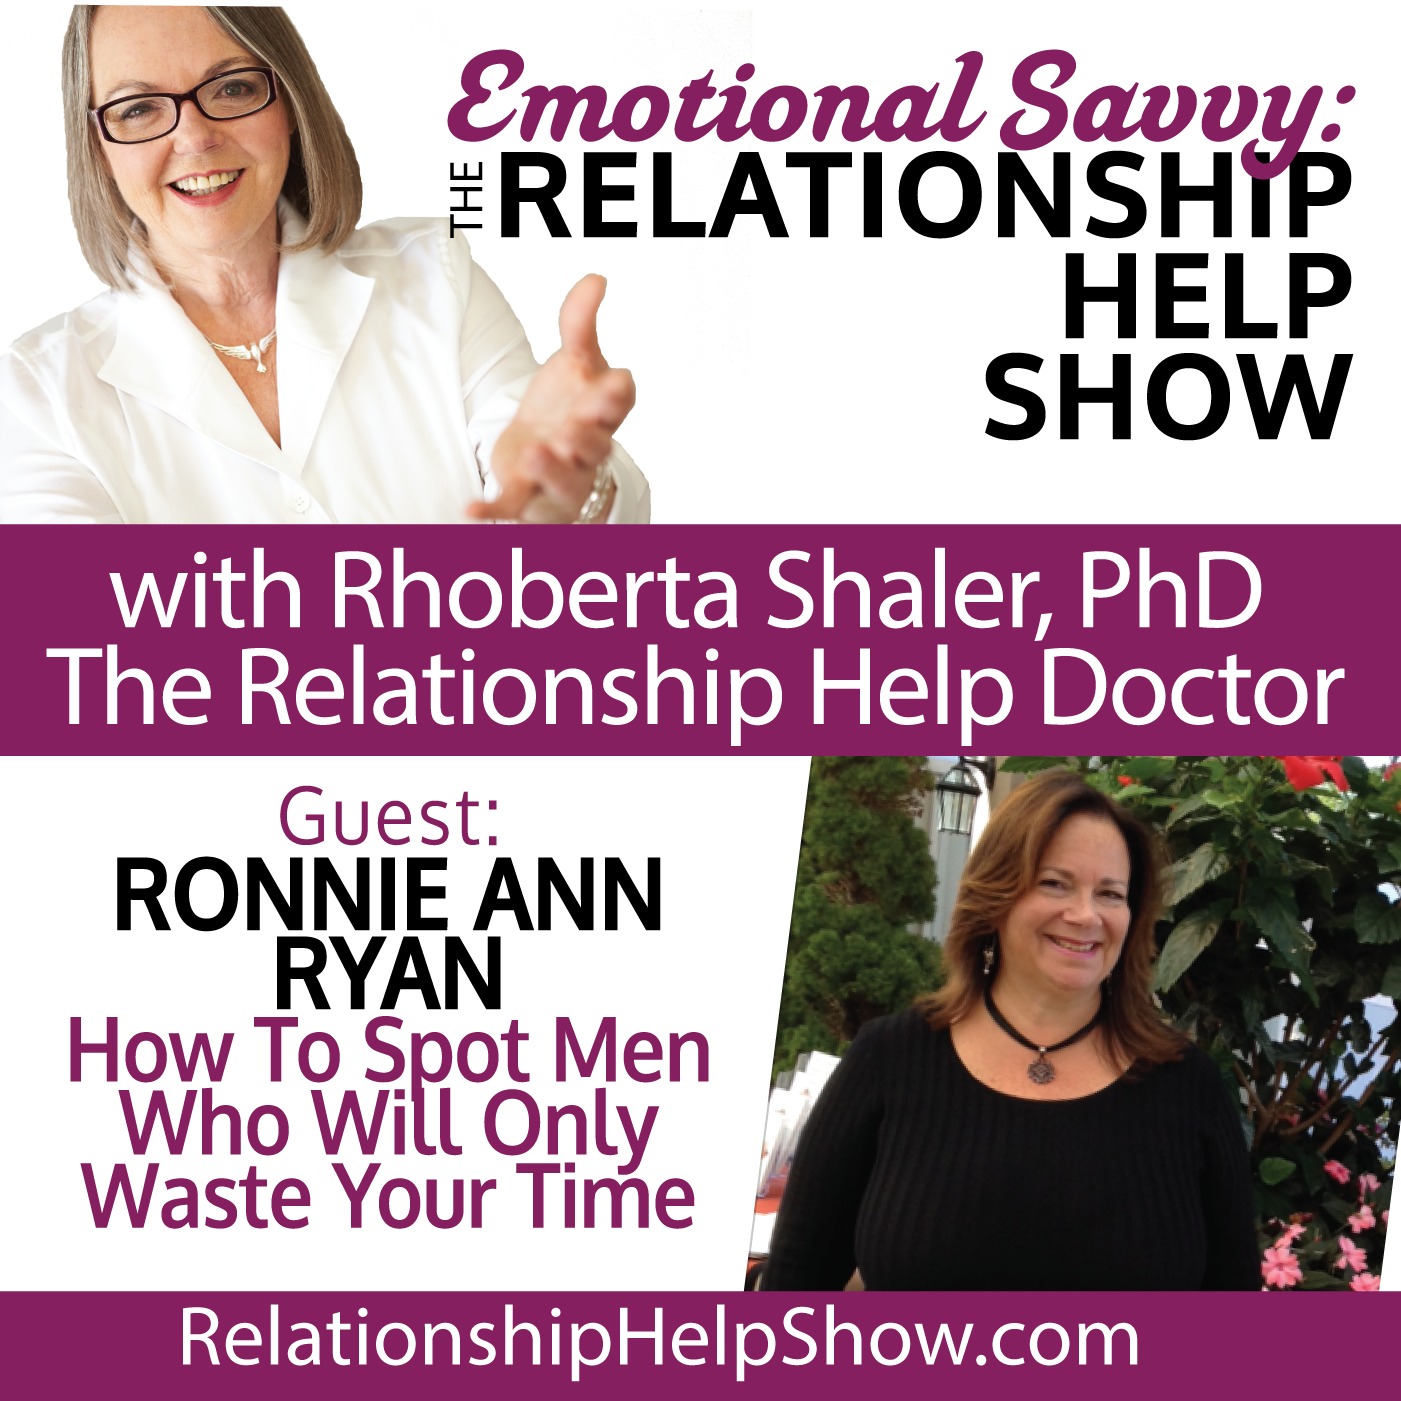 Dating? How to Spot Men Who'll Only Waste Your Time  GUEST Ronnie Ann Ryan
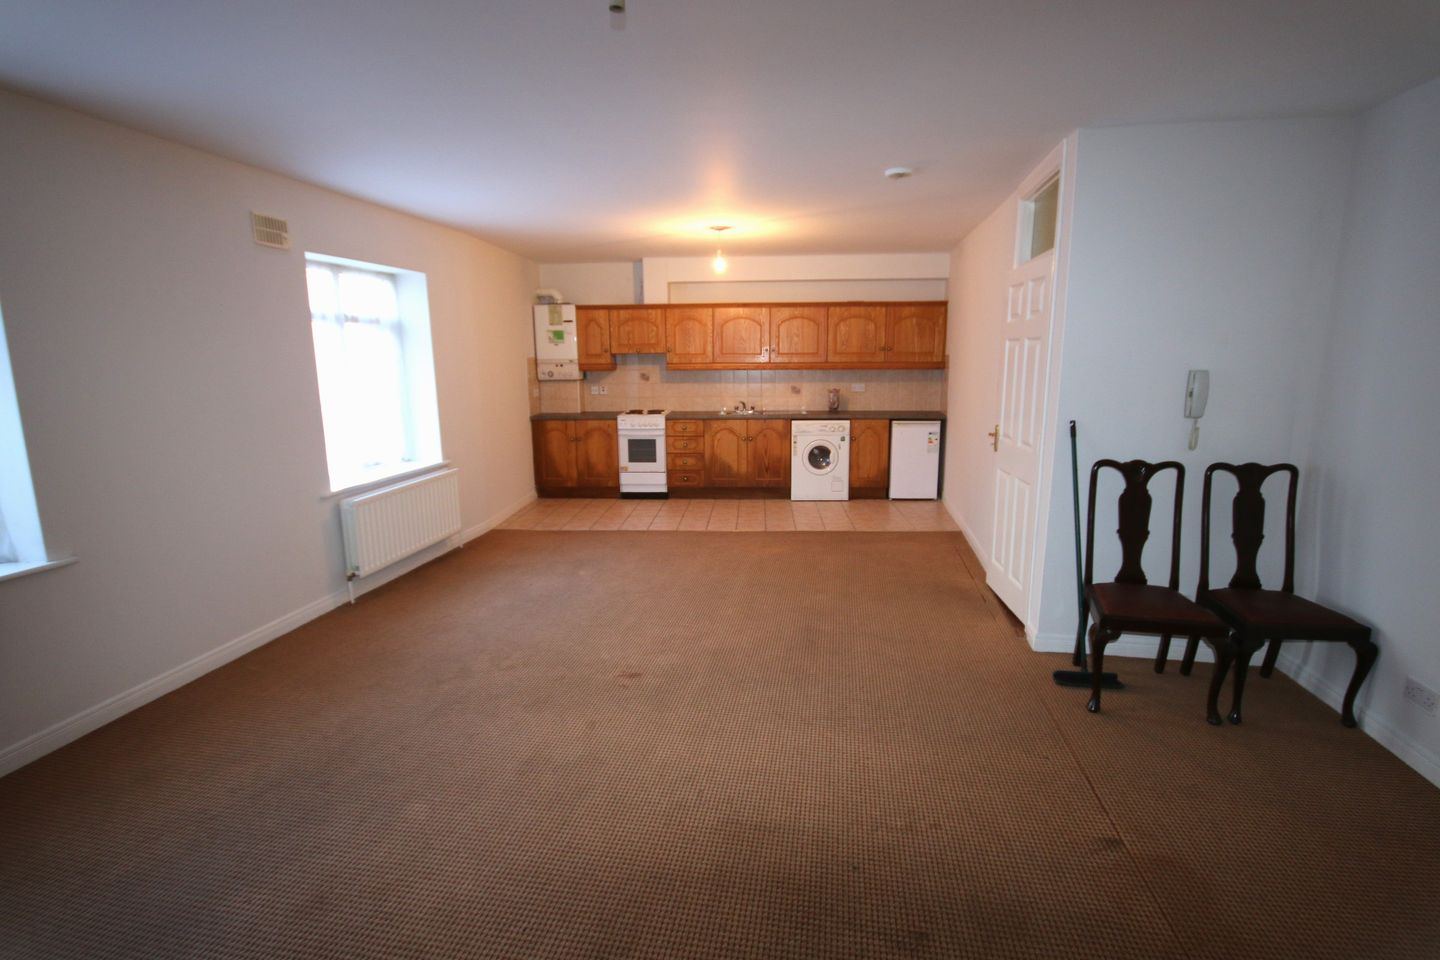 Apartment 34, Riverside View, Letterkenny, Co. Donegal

==

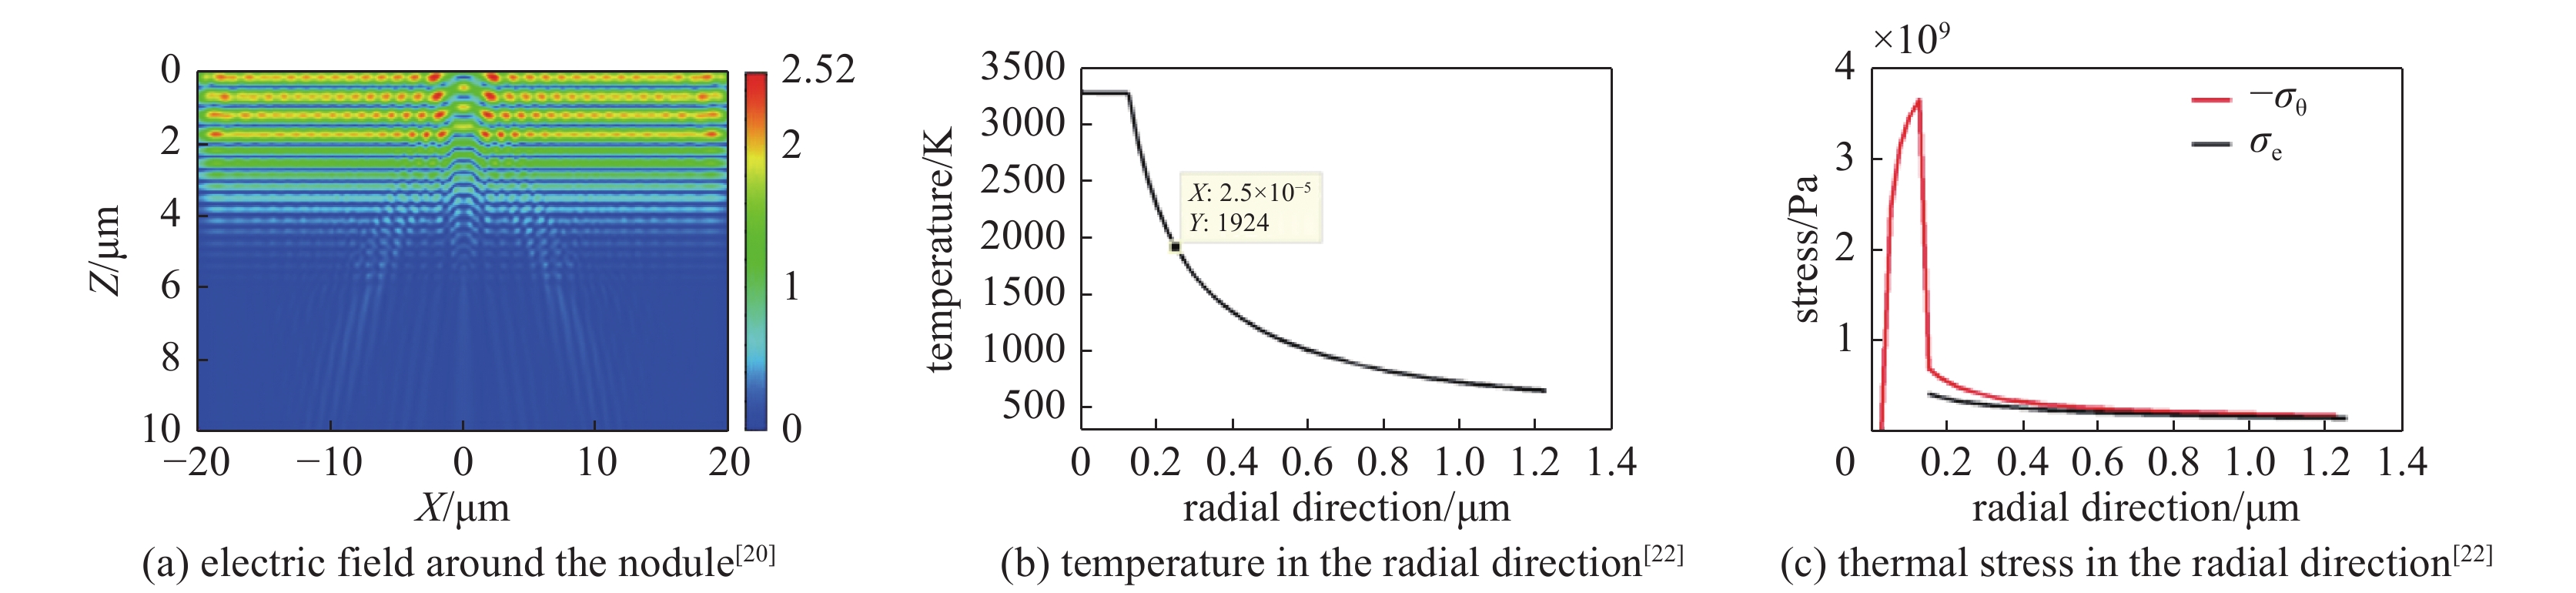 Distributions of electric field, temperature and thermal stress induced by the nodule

* * *

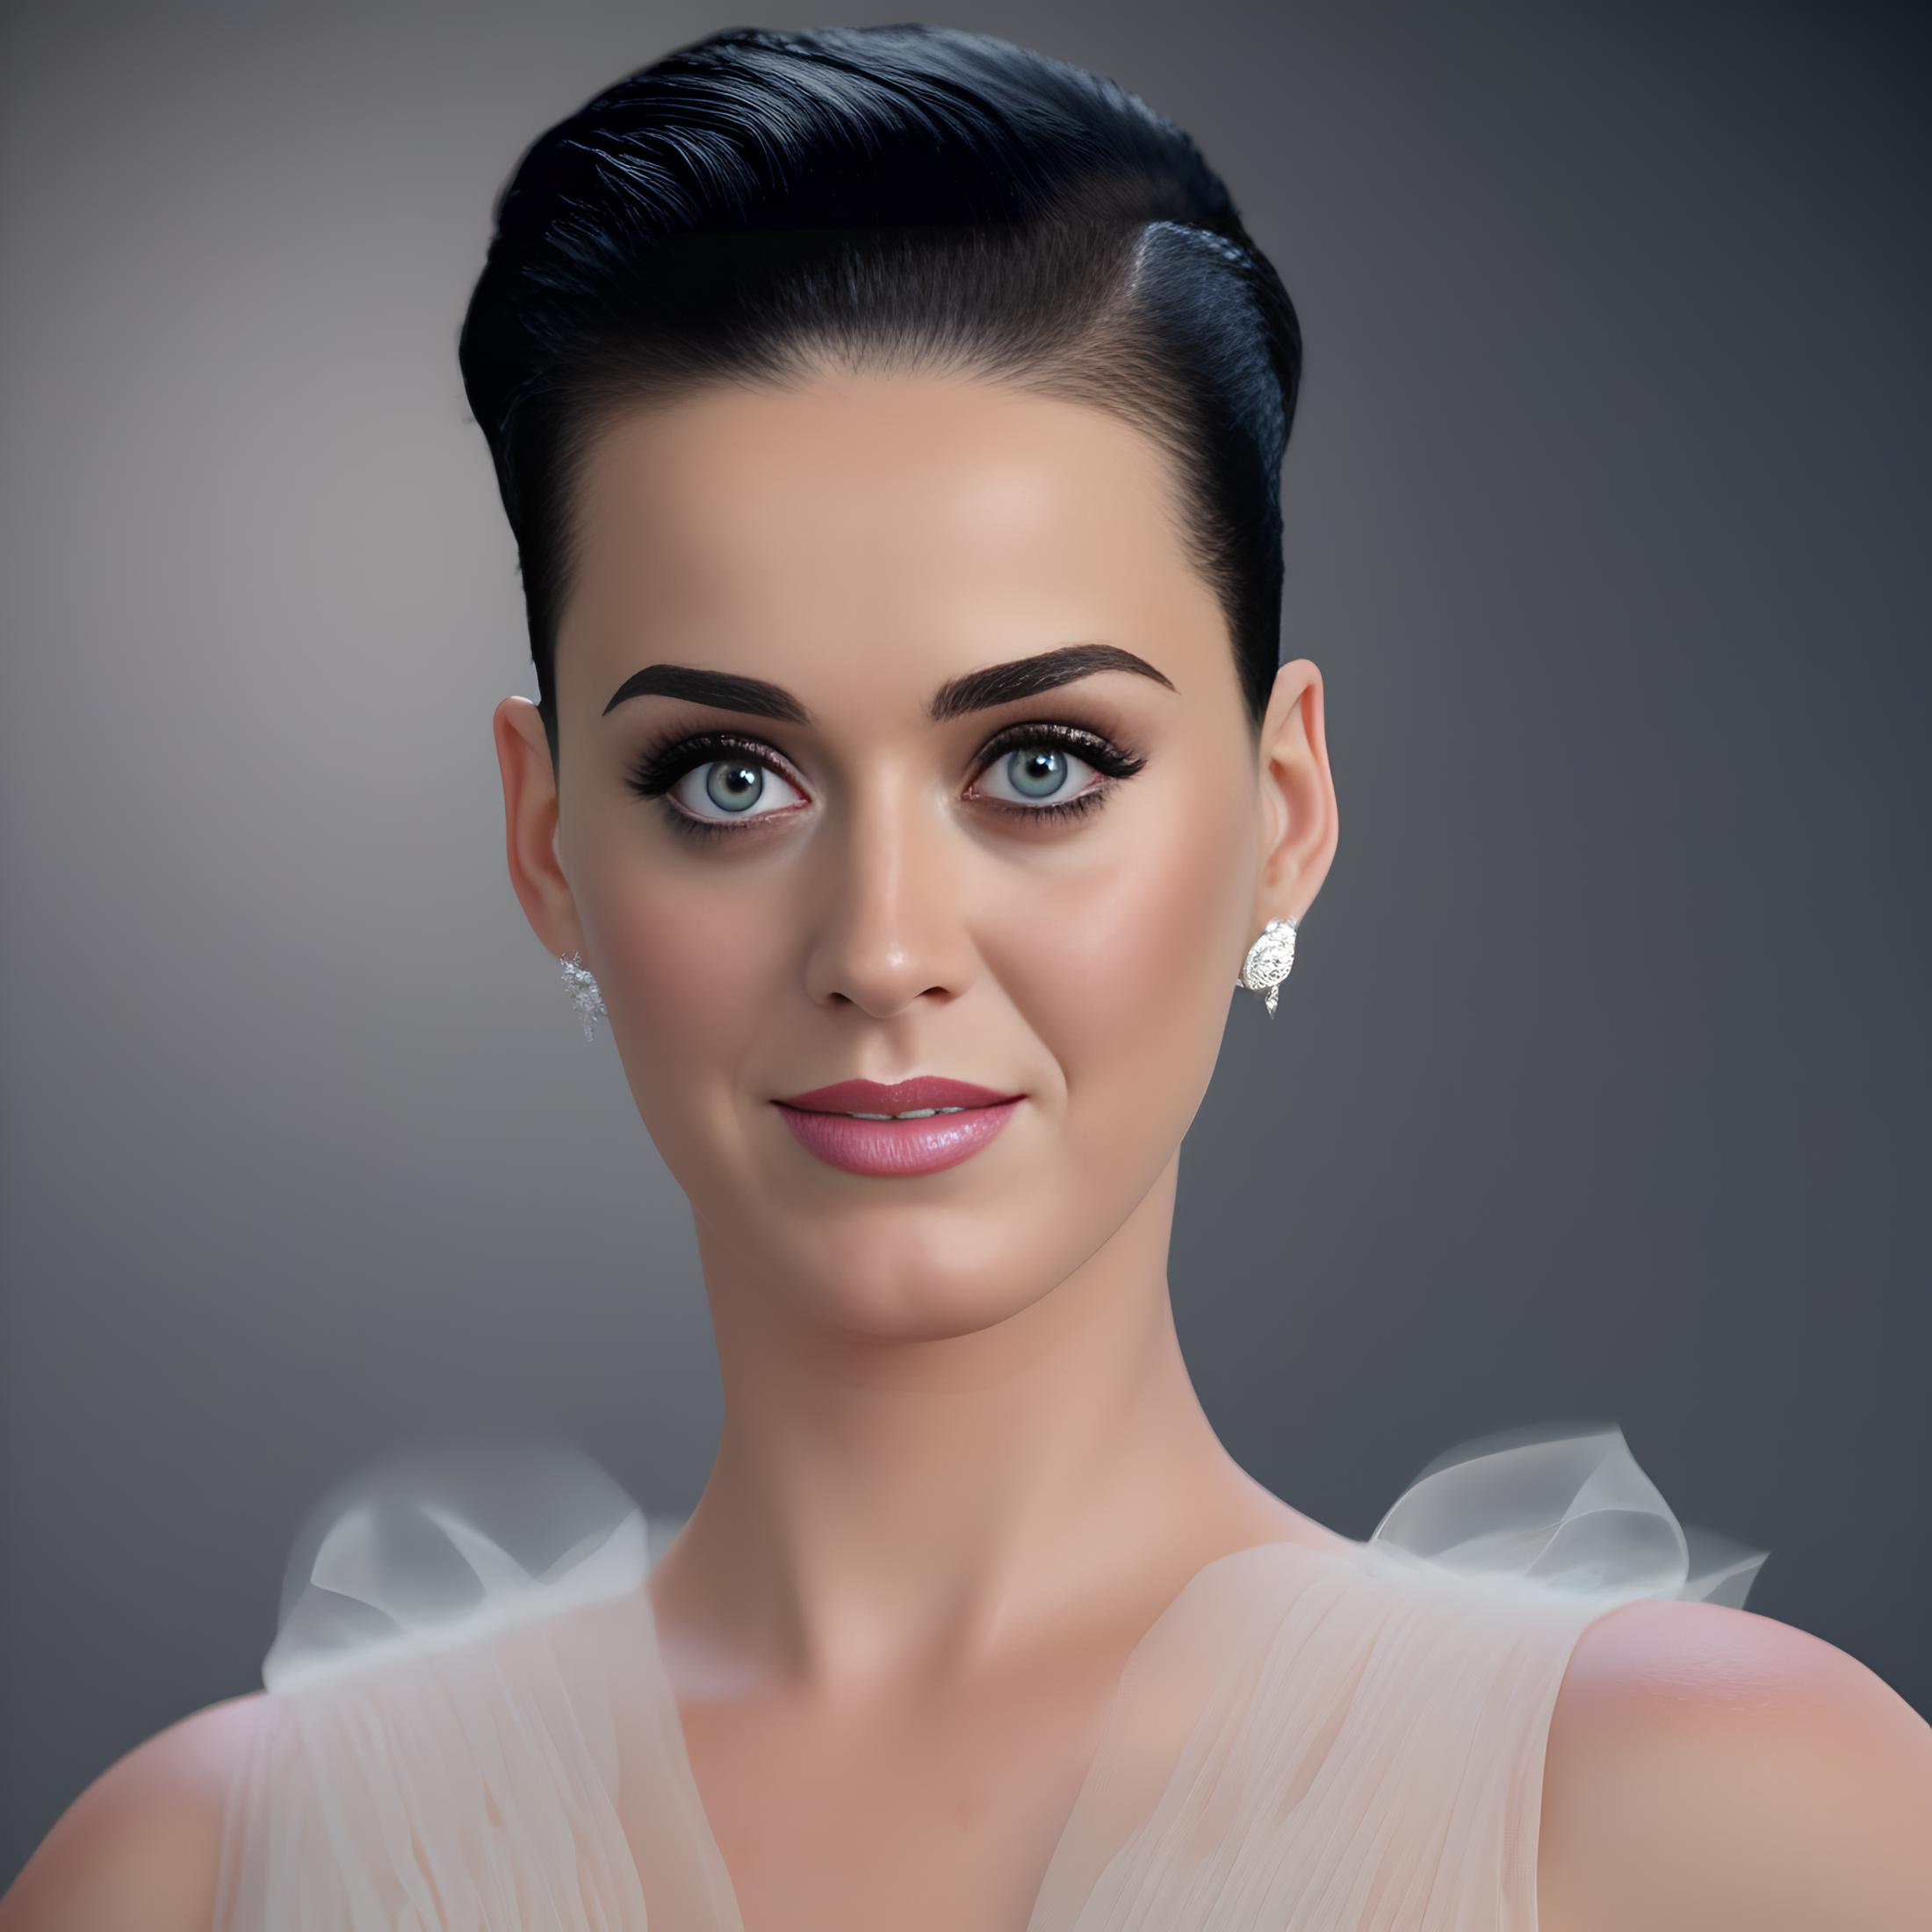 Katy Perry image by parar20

• **ACTIVITY**: Taking the material above, give again exactly the lines from the one holding "Dating? How to" through the one holding "Apartment 34, Riverside", with both ends and without pictures.

• **TASK RESULT**:
 Dating? How to Spot Men Who'll Only Waste Your Time  GUEST Ronnie Ann Ryan
 Apartment 34, Riverside View, Letterkenny, Co. Donegal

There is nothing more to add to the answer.